All-women's colleges face challenges

At the beginning of this month, Sweet Briar College in central Virginia announced it would be closing next year, over a century after its founding in 1901. A small, private liberal arts women’s college, Sweet Briar is the most recent victim of the trend amongst women’s colleges that saw their numbers shrink from roughly 230, in the 1960s, to just 43 this year. The closure is the result of mounting costs, declining interest in small liberal arts schools and questions raised about the value of women’s colleges today.

Sweet Briar’s financial and enrollment troubles were two bigger obstacles to keeping the college open. College President James Jones cited an all-time low in enrollment and national market trends as crippling Sweet Briar’s financial solvency. Tuition dollars were vital to the upkeep of the college since $56 million of its otherwise considerable $84 million endowment were locked up for particular uses.

As we have written in the past, the debate about the value of liberal arts education continues as students seek more focused curricula. Additionally, small liberal arts schools are increasingly difficult for students to commit to given the rising costs associated with earning college degrees that demand compensation through employability.

But perhaps the biggest contributor to Sweet Briar’s problems is the question of what value niche all-women’s colleges offer to today’s applicants. The benefits are many and intuitive. An all-women’s school affords women the chance to be uniquely empowered by a welcoming community. This space for confidence and growth is fertile ground for the development of capable and influential women who go through an undergraduate experience largely insulated from the palpable academic and social gender bias constantly scrutinized at co-ed schools. But this separation can be a double-edged sword because graduates, particularly of geographically isolated colleges, largely fail to experience firsthand the gender inequities they may encounter later in their post-graduate careers, however well prepared they may be in theory.

Many would respond that students have the rest of their lives to engage with gender inequality and experience the consequent gender dynamics, but co-ed schools stand to offer this upfront without the diversity problems inherent to single-gender colleges. Duke’s Baldwin and WHO single-sex housing sections provide niches that balance spaces for female empowerment and development alongside a co-ed experience, emphasizing the benefits of an all-women’s school and an engagement of gender issues without the full-time insulating costs.

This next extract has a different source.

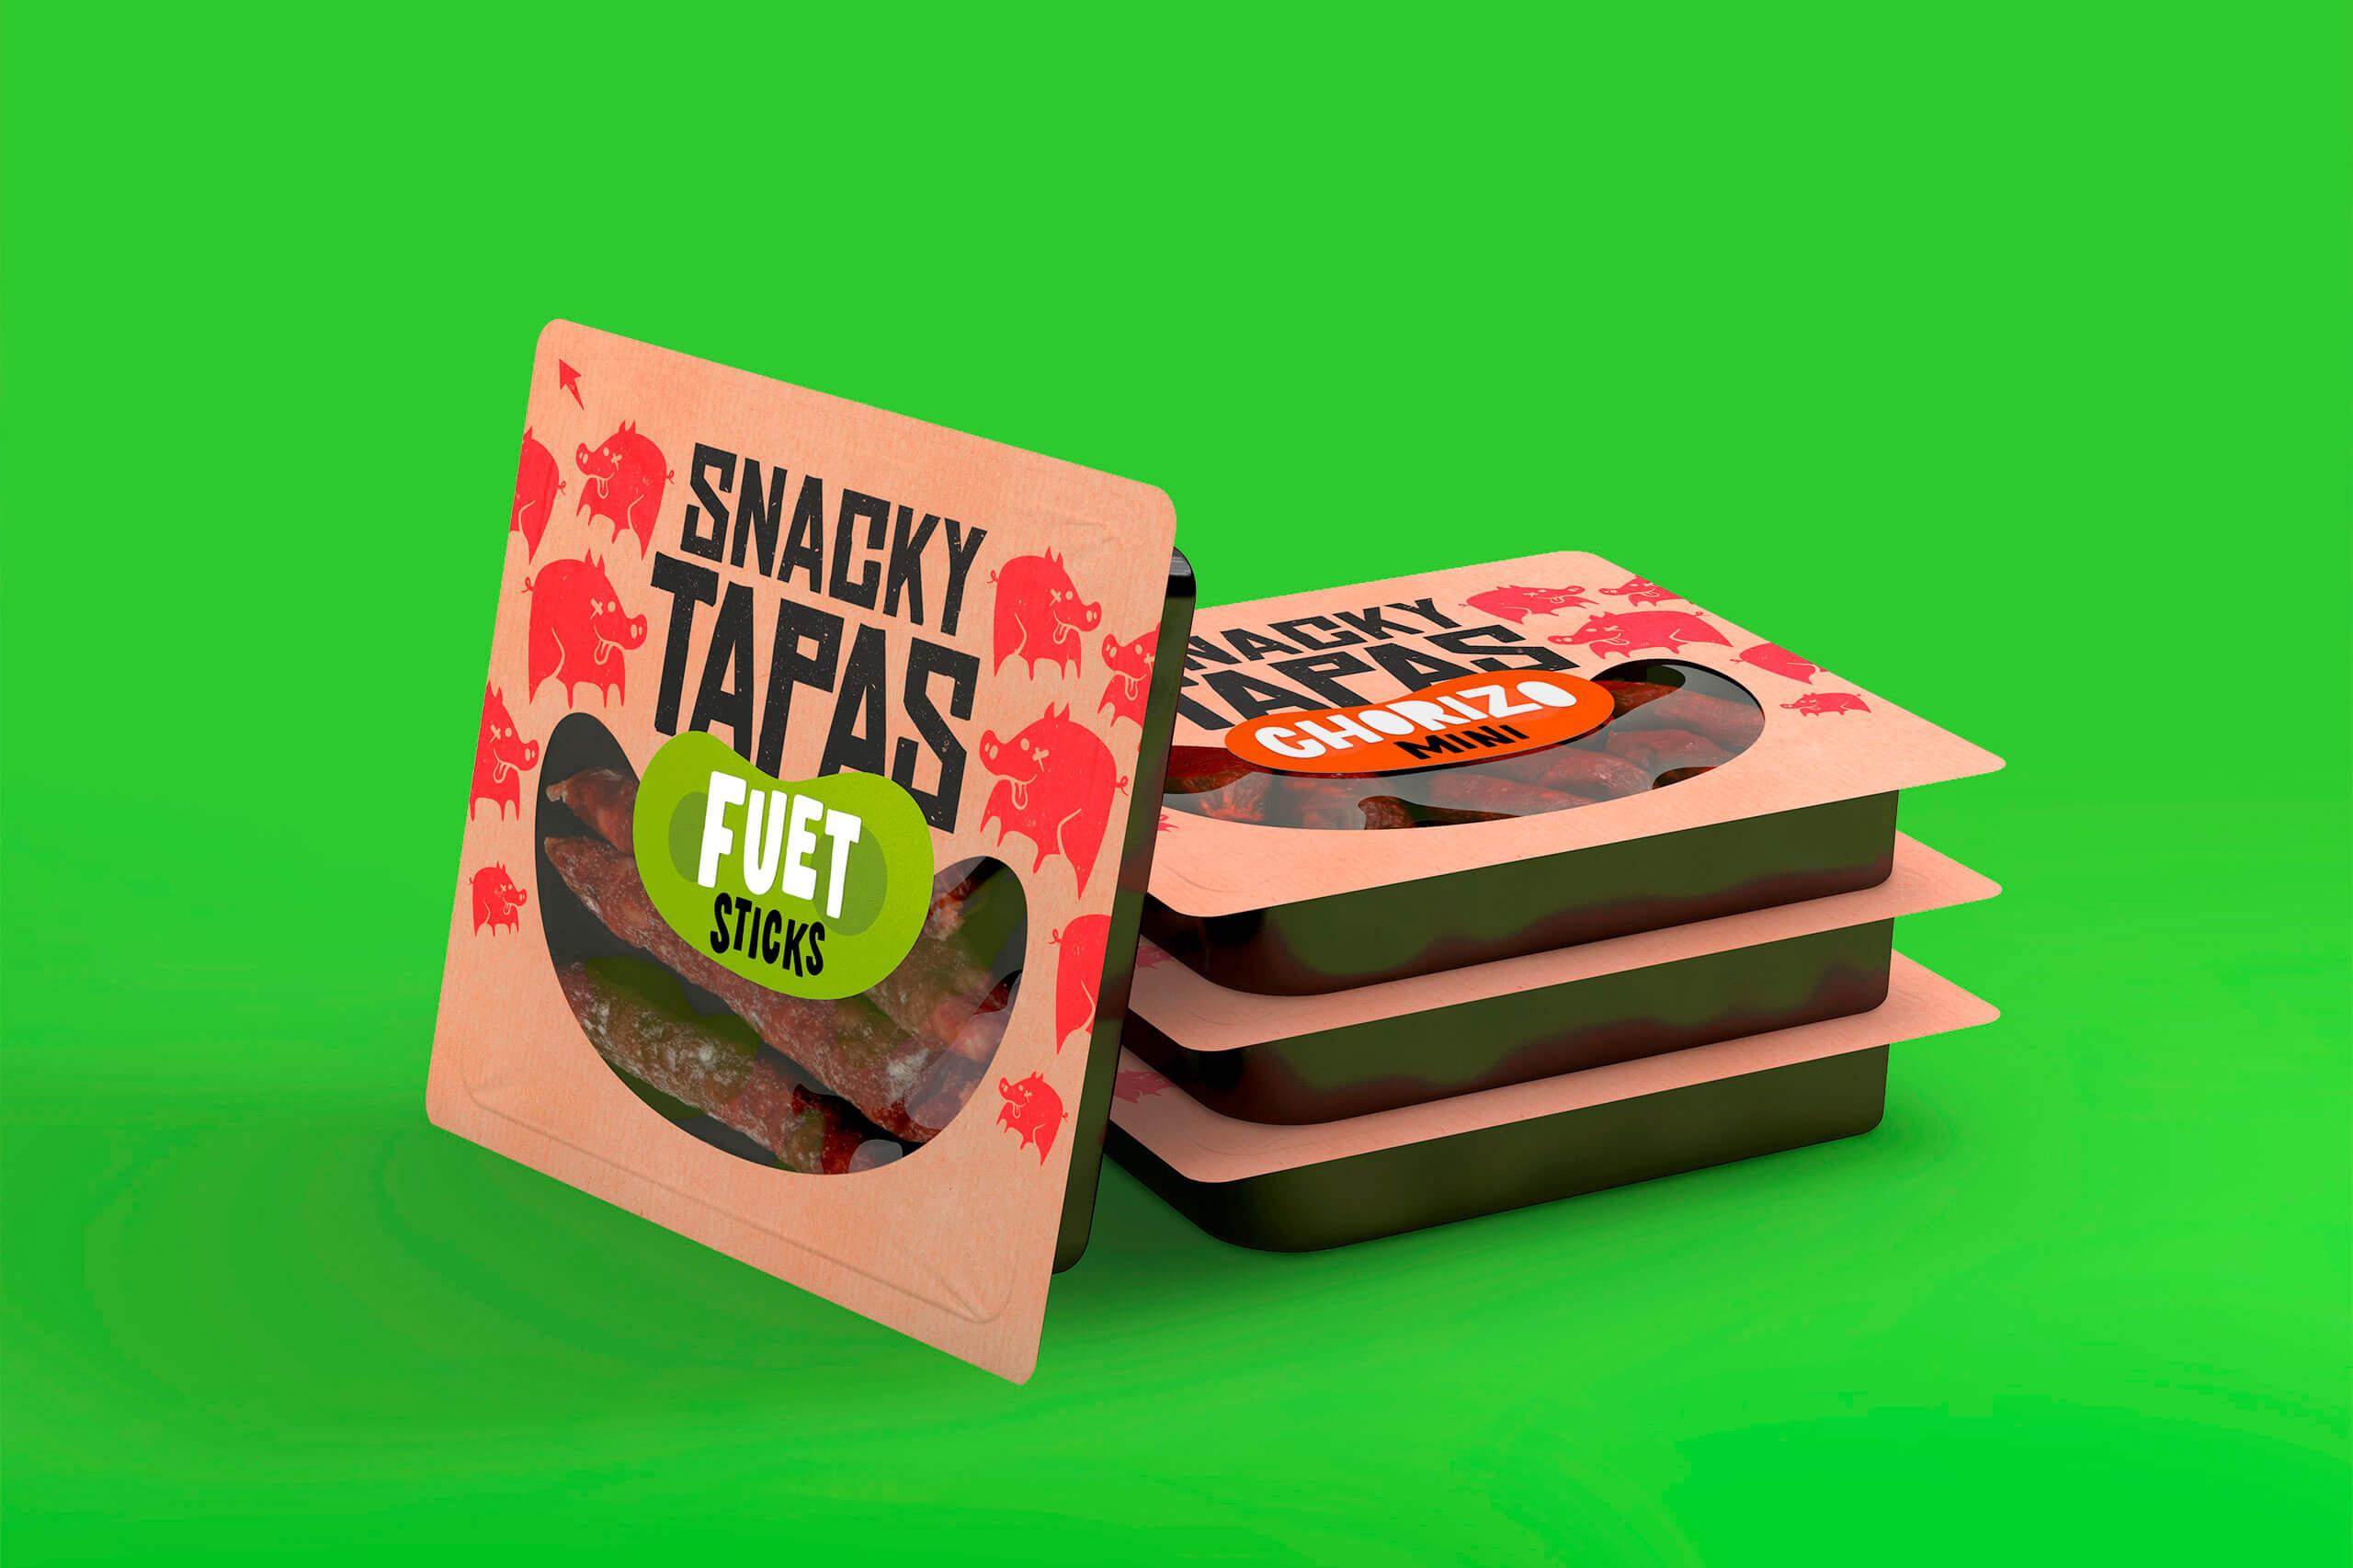 Packaging Alimentación Snacky Tapas Can Calet Embutidos Vibranding
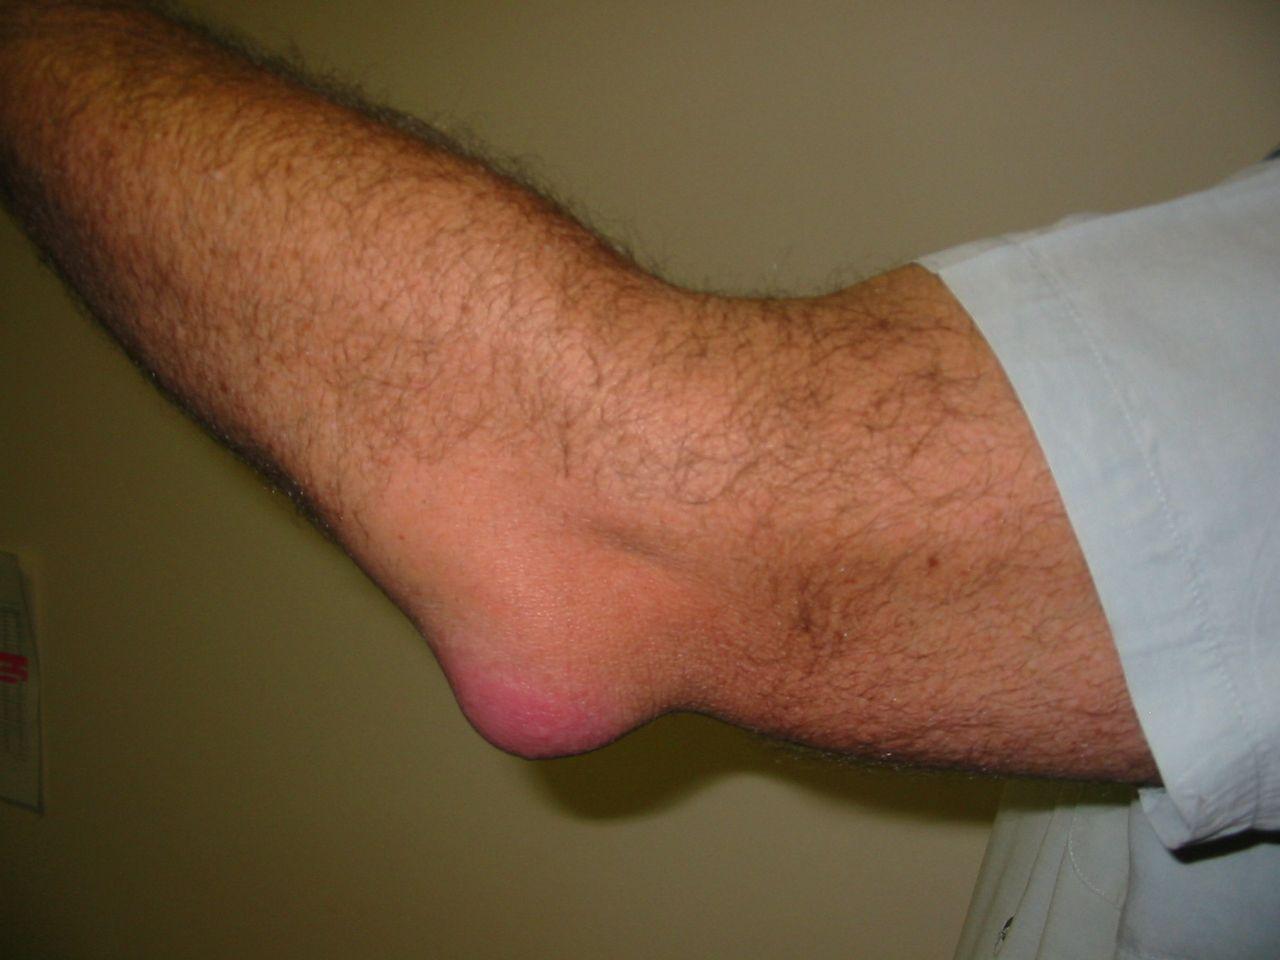 Mi okozhatja a könyök fájdalmát? - fájdalomportábuggarage.hu

Unfortunately, this model of provisioning spaces for women in a co-ed university was not possible given Sweet Briar’s founding documents, but we applaud co-ed universities that prioritize ensuring this balance of spaces, signaling the lesson learned from the era of women’s schools and guaranteeing their core ideas carry forward as the landscape of higher education shifts. Yet, there might be a silver lining to find in the decline of these smaller niche universities if it indicates female applicants today feel more socially enabled to make co-ed schools their first choices compared to in 1901 and the 1960s.